> _INSTRUCTIONS TO FOLLOW_
When copying the listing below, skip every picture and keep each word as it stands.

> _DATA SECTION_

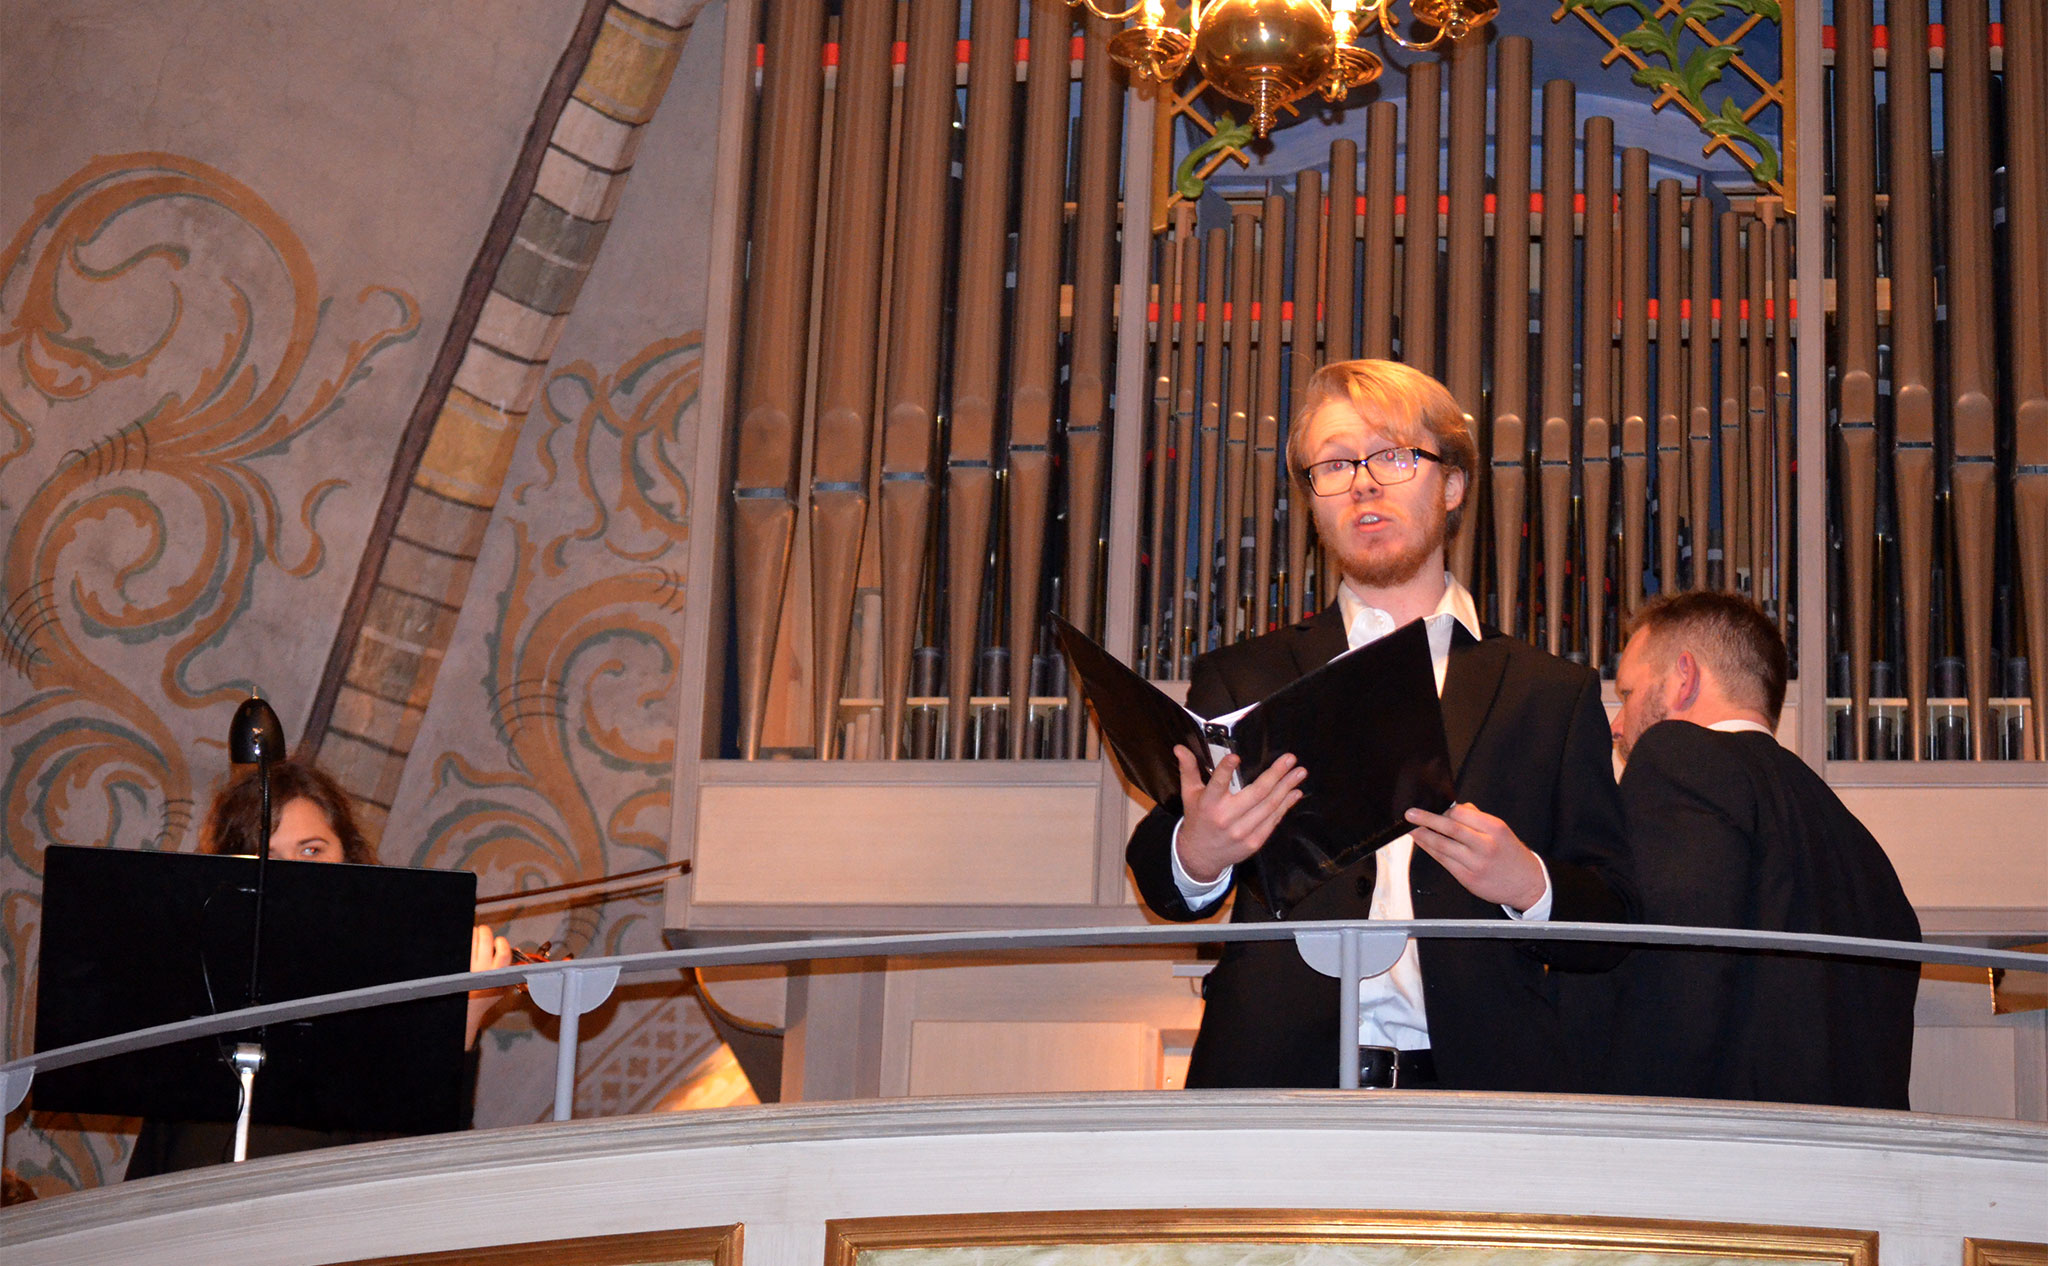 Sångare på balkong i kyrka. Orgel i bakgrunden.
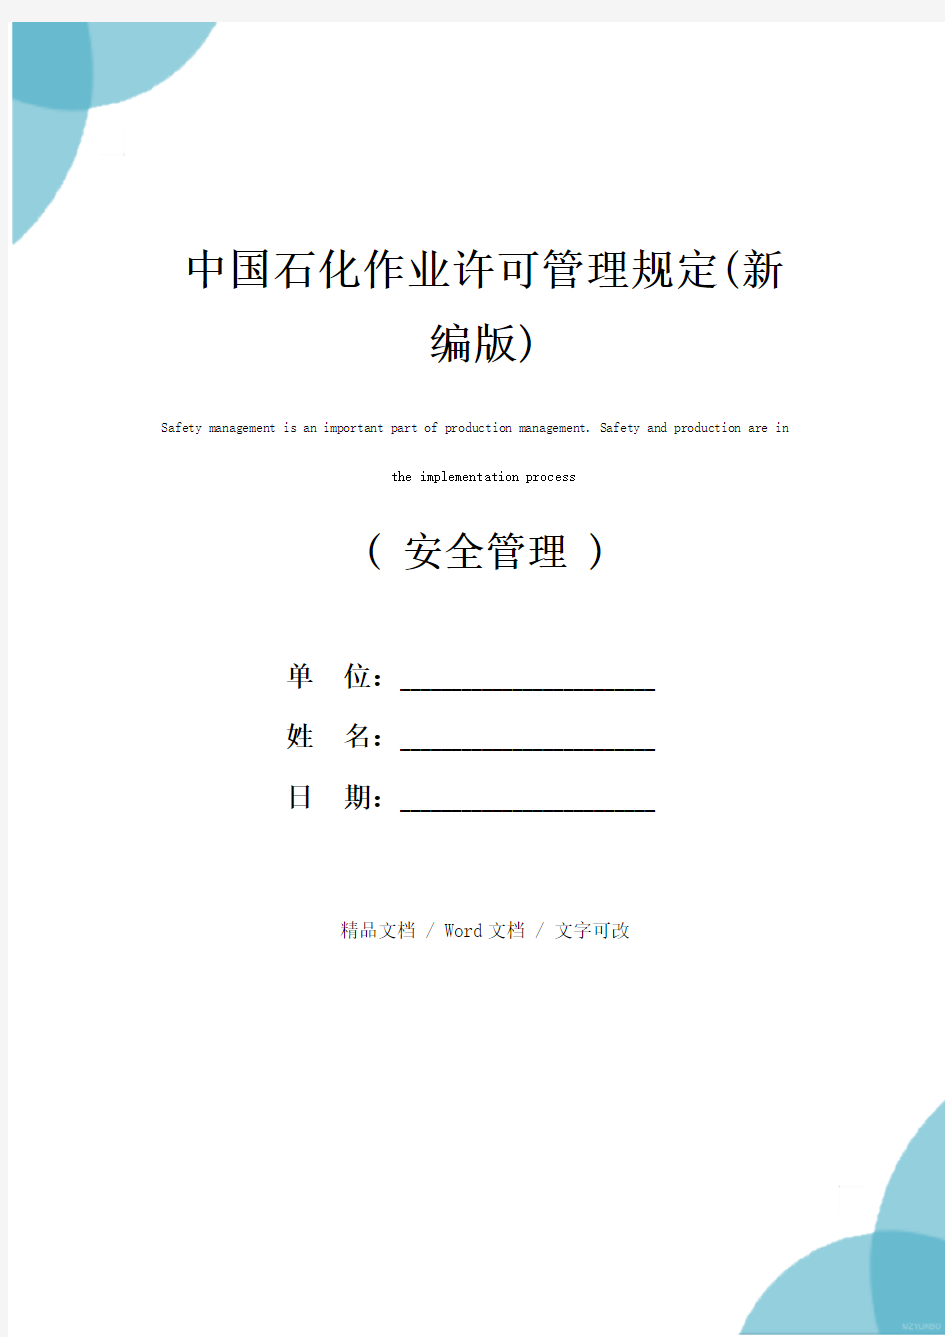 中国石化作业许可管理规定(新编版)
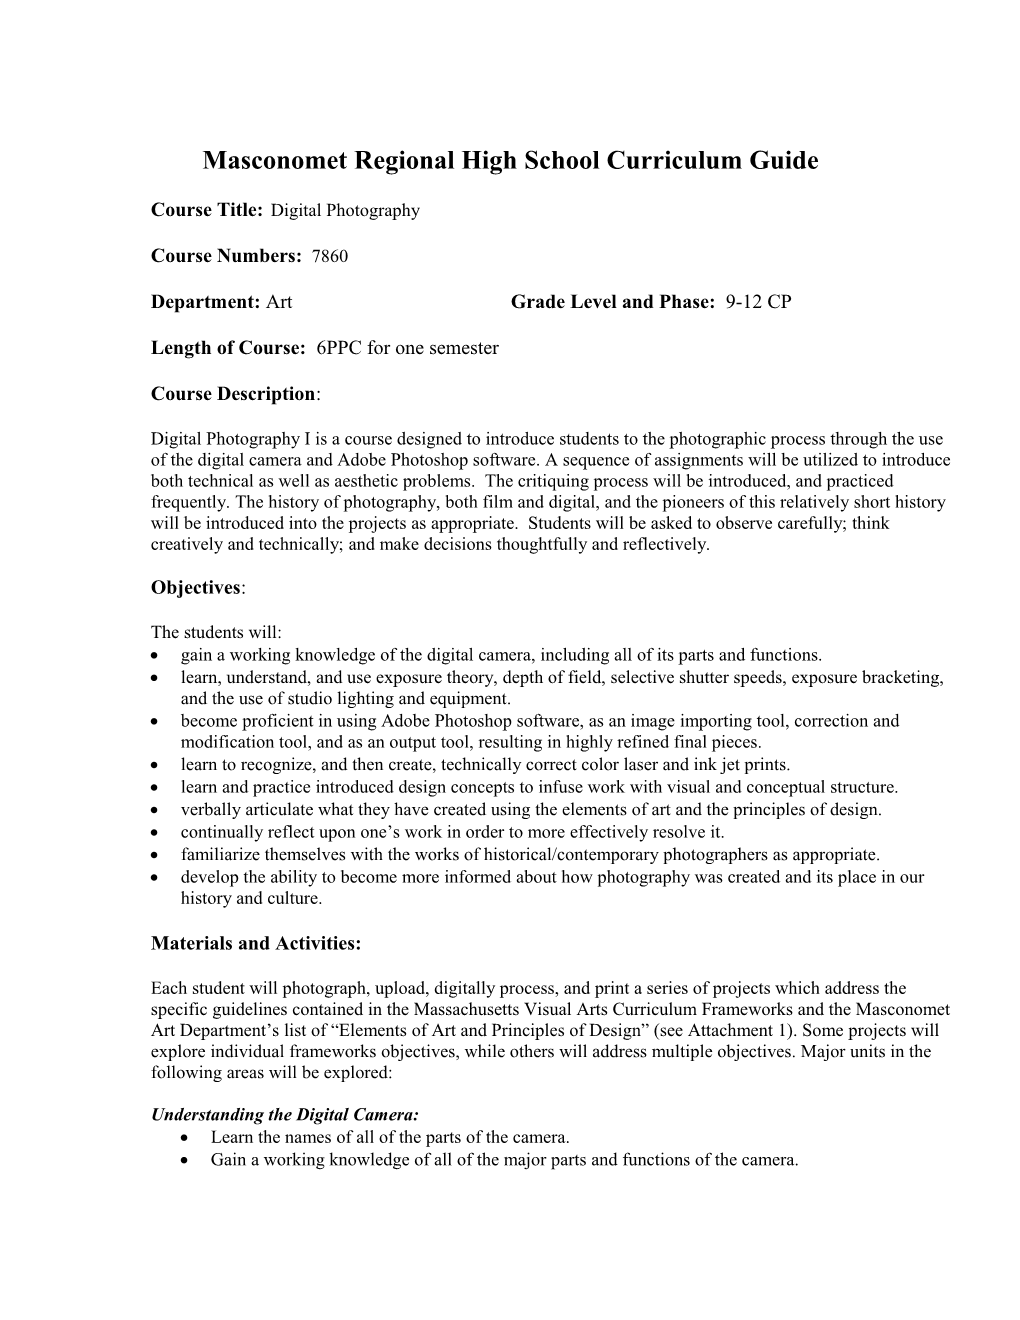 Masconomet Regional High School Curriculum Guide
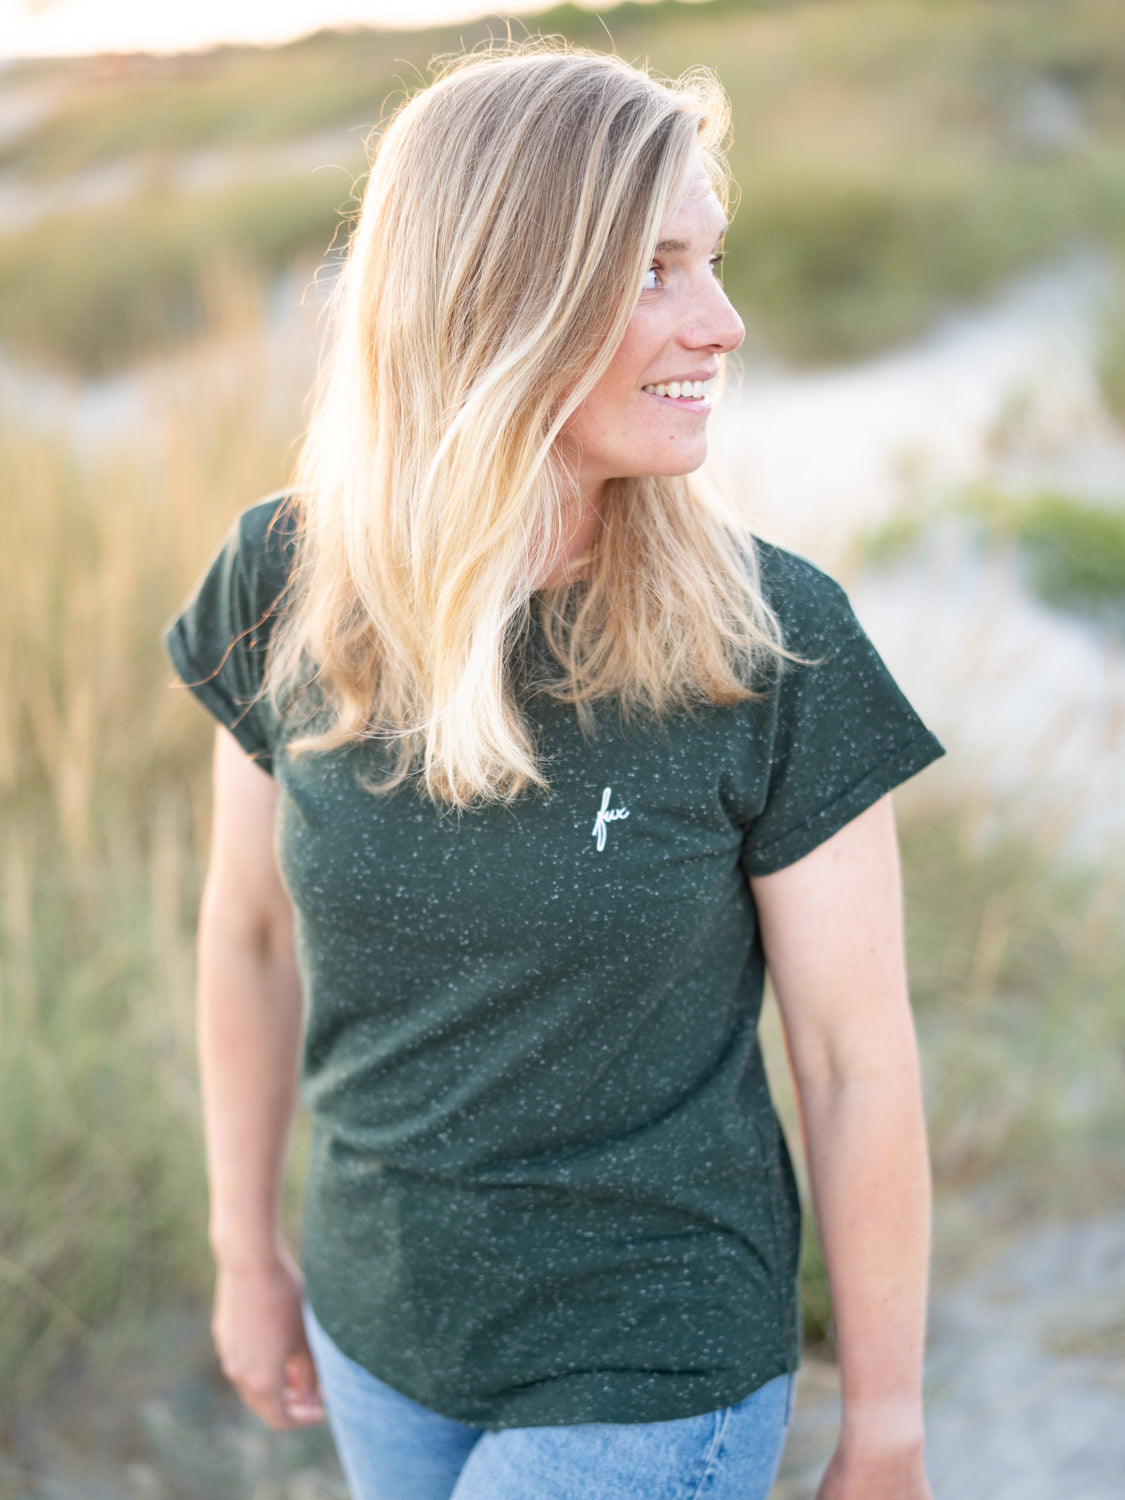 FUXBAU Fair Fashion Frauen T-Shirt in grün aus Biobaumwollen mit weißen Punkten getragen von einer jungen blonden Frau am Strand.

> _EXERCISE SOLUTION_
 Sångare på balkong i kyrka. Orgel i bakgrunden.
 中国石化作业许可管理规定(新编版)
 Masconomet Regional High School Curriculum Guide
 FUXBAU Fair Fashion Frauen T-Shirt in grün aus Biobaumwollen mit weißen Punkten getragen von einer jungen blonden Frau am Strand.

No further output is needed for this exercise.